- Opening Delimiter -

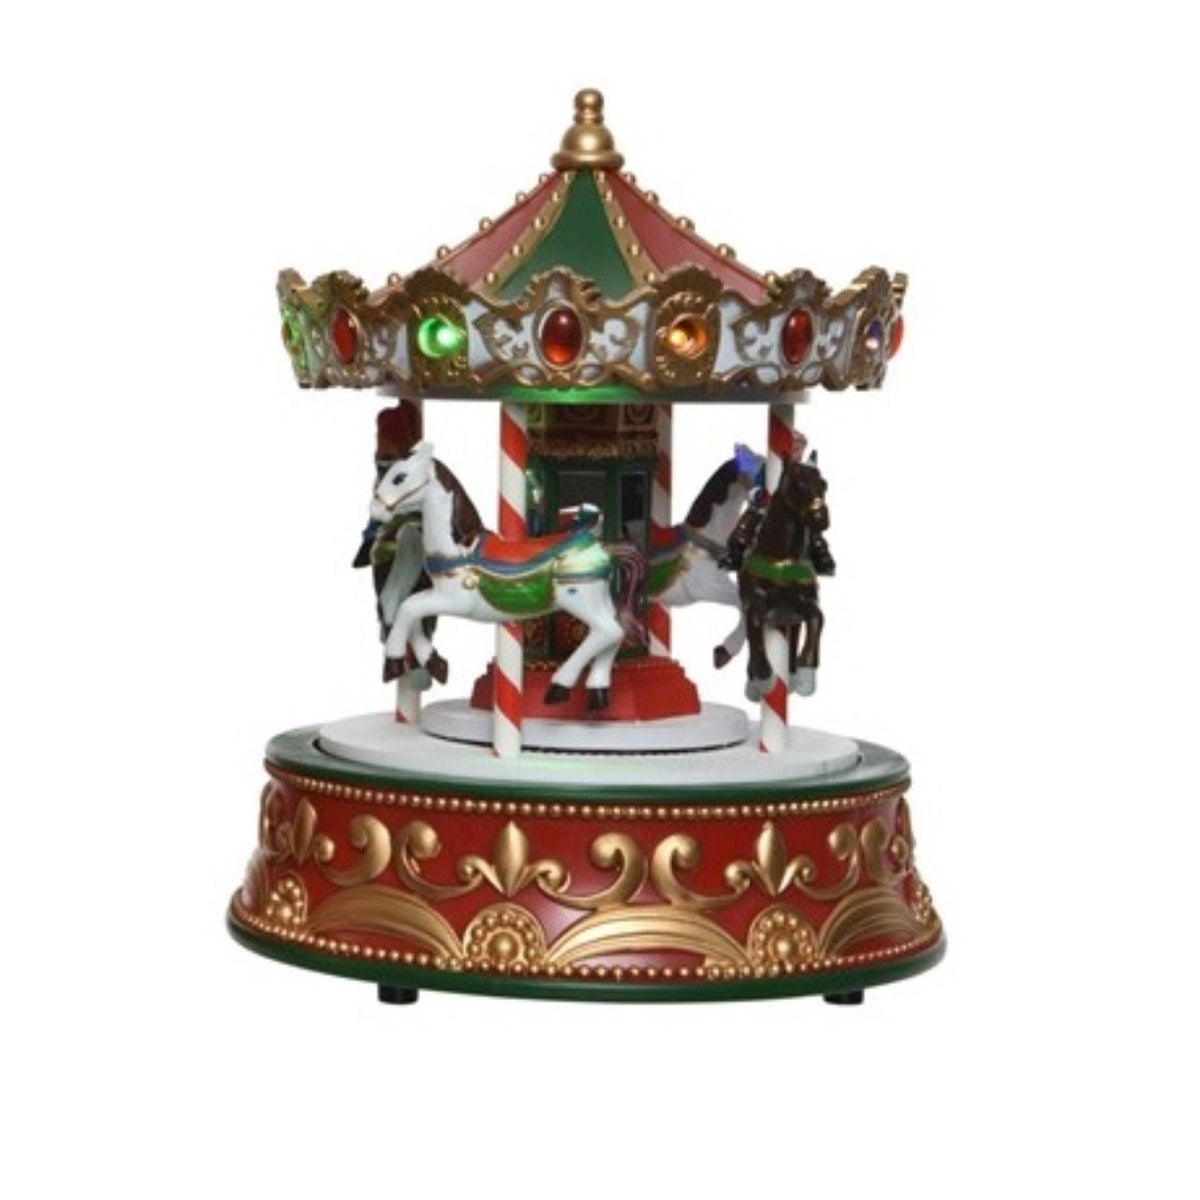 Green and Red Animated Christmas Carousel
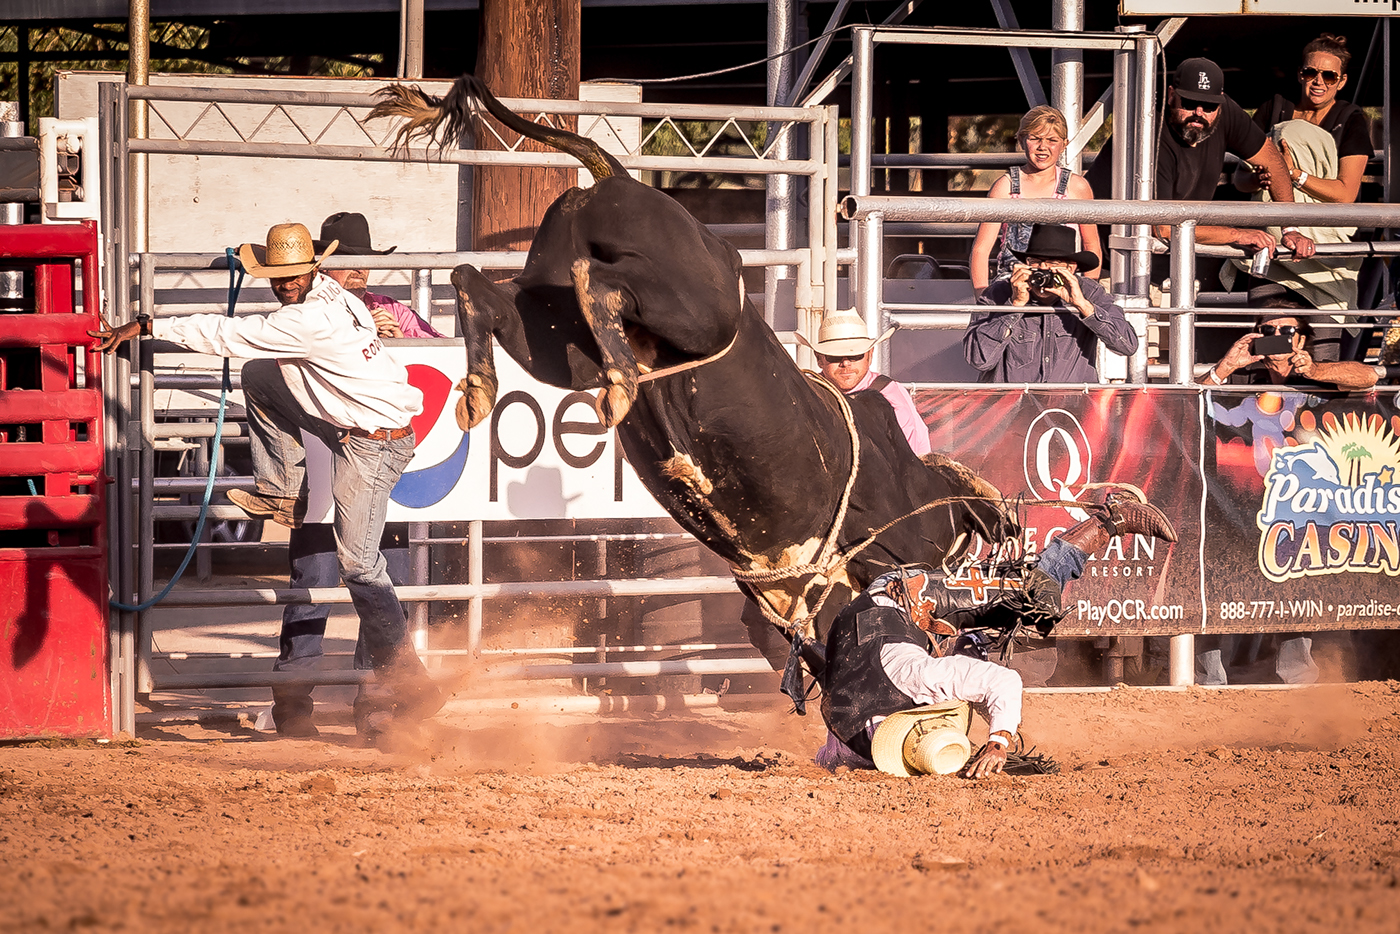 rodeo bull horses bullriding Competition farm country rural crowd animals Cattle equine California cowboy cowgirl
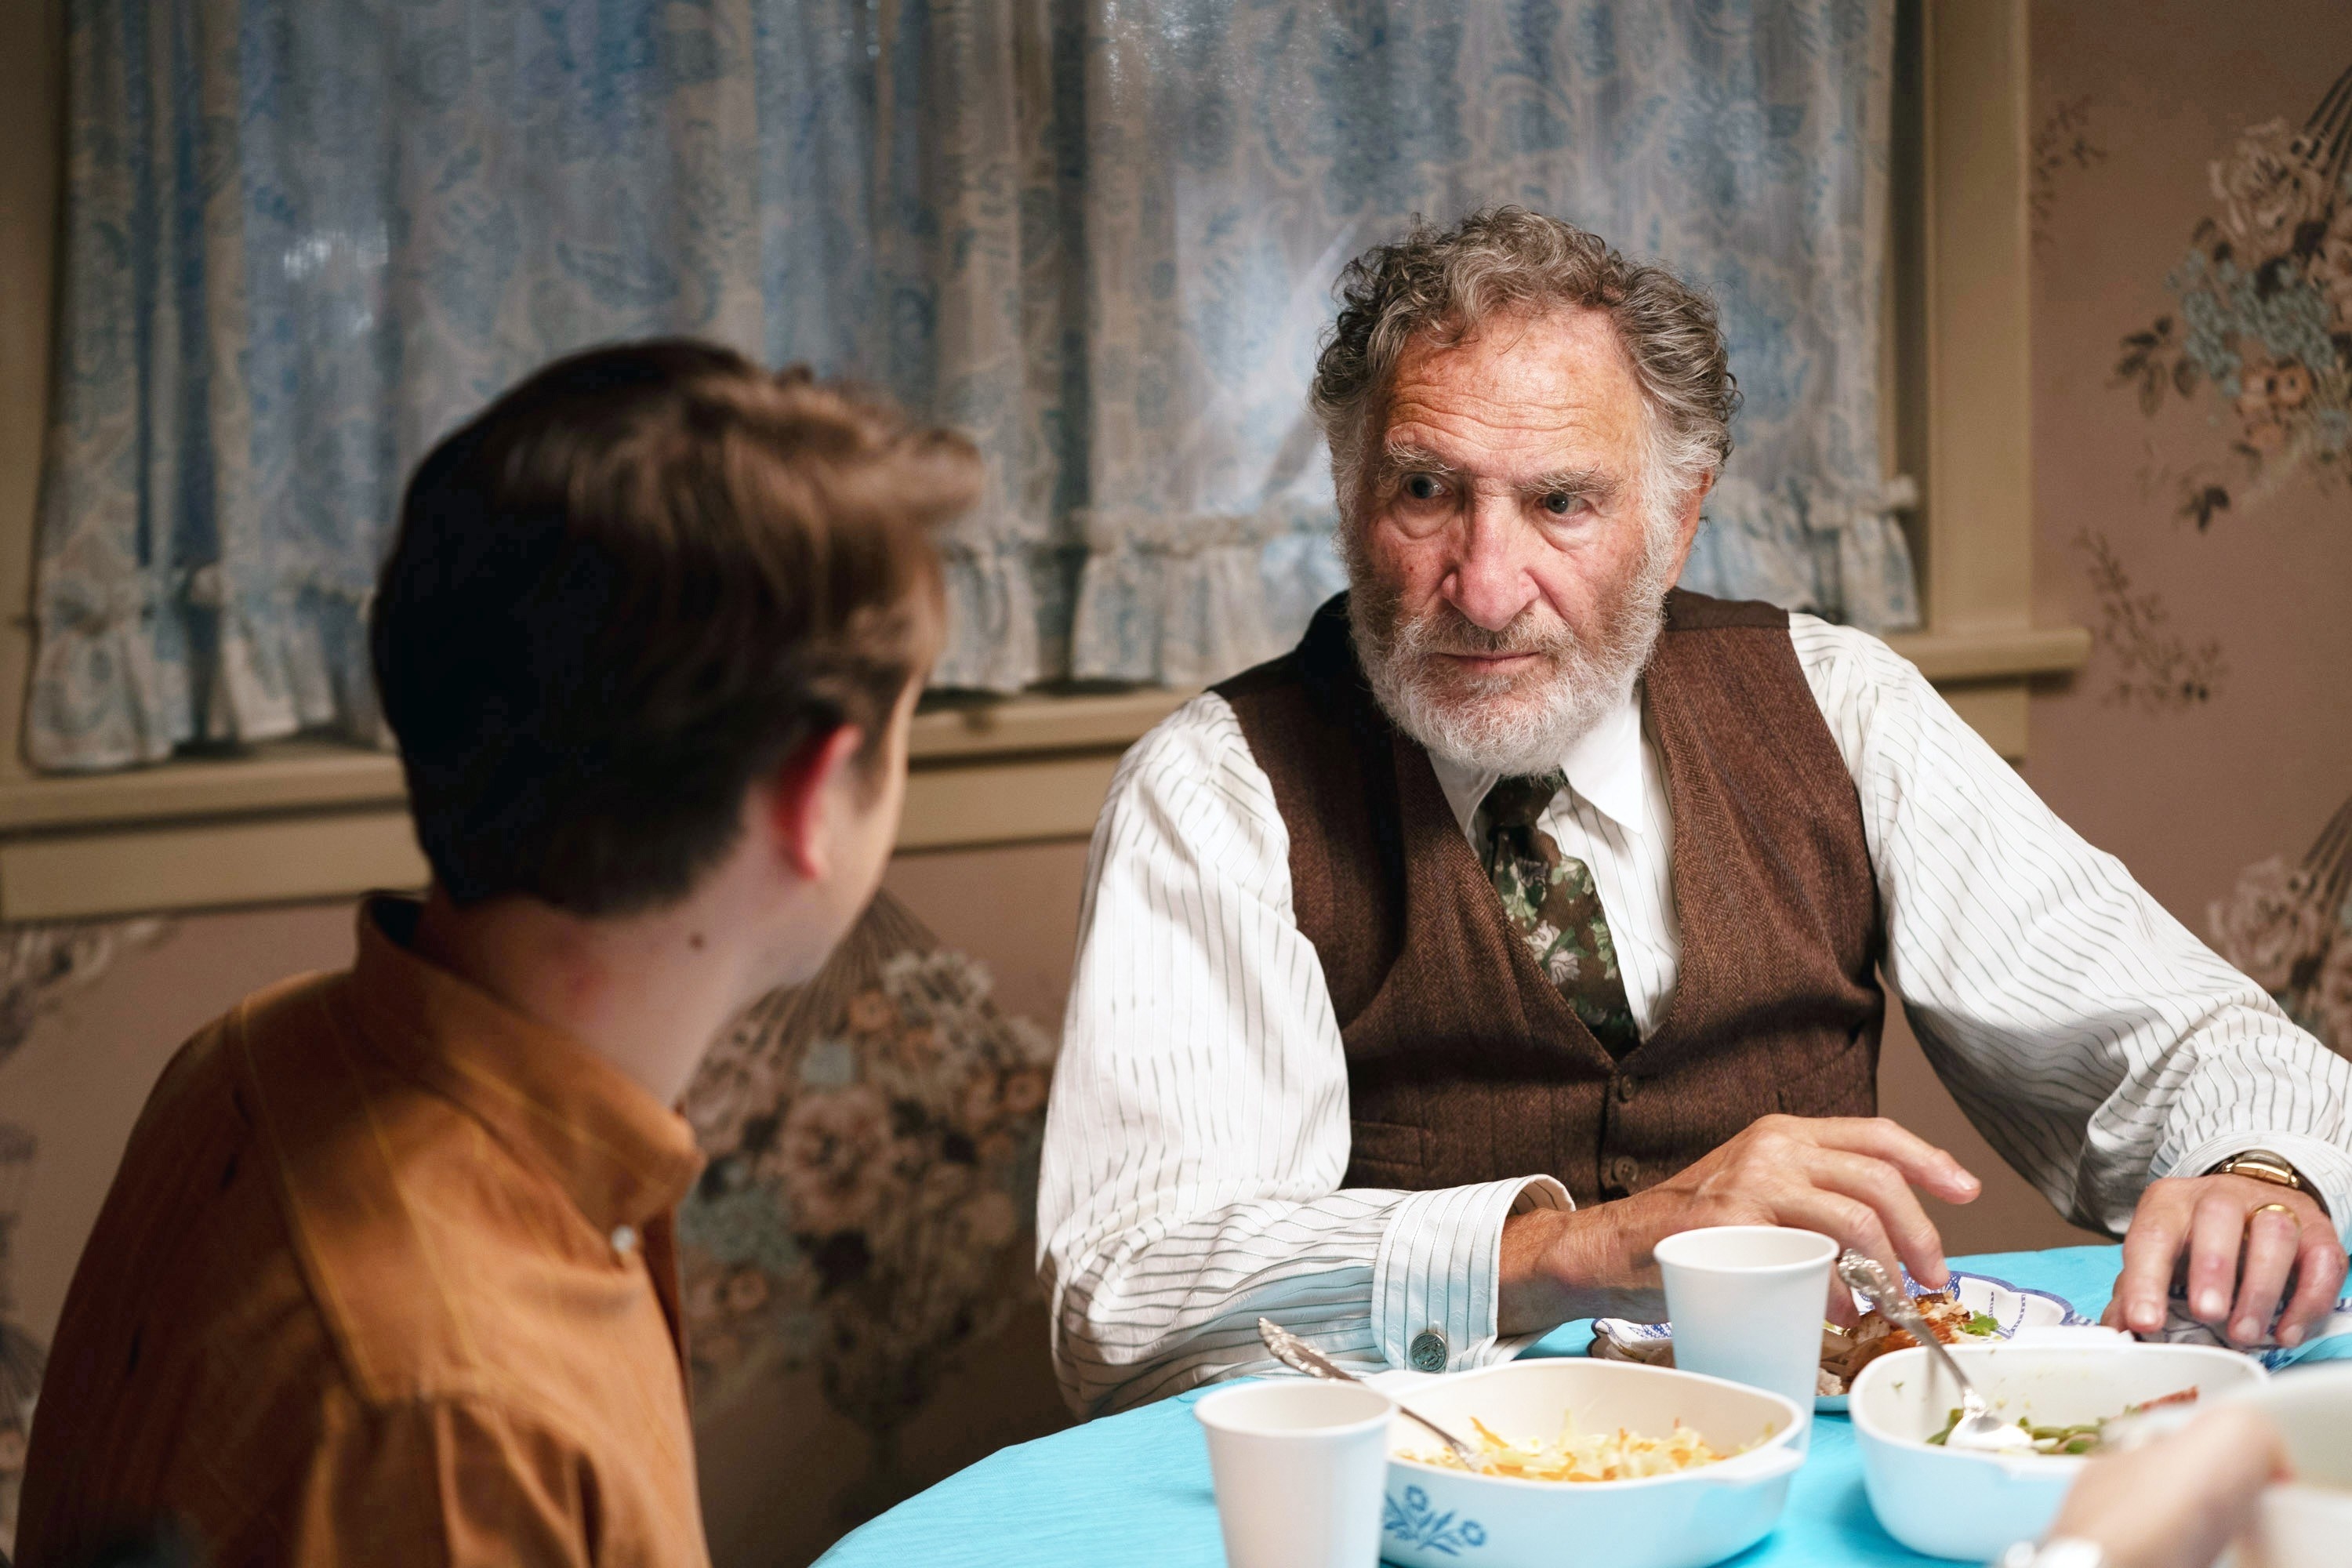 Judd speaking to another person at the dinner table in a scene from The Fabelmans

- Closing Delimiter -

- How to complete this task:
Quote precisely the lines of the data from the line containing "rodeo bull horses" through its final line, both included, excluding pictures.

- Result of the task:
 rodeo bull horses bullriding Competition farm country rural crowd animals Cattle equine California cowboy cowgirl
 Judd speaking to another person at the dinner table in a scene from The Fabelmans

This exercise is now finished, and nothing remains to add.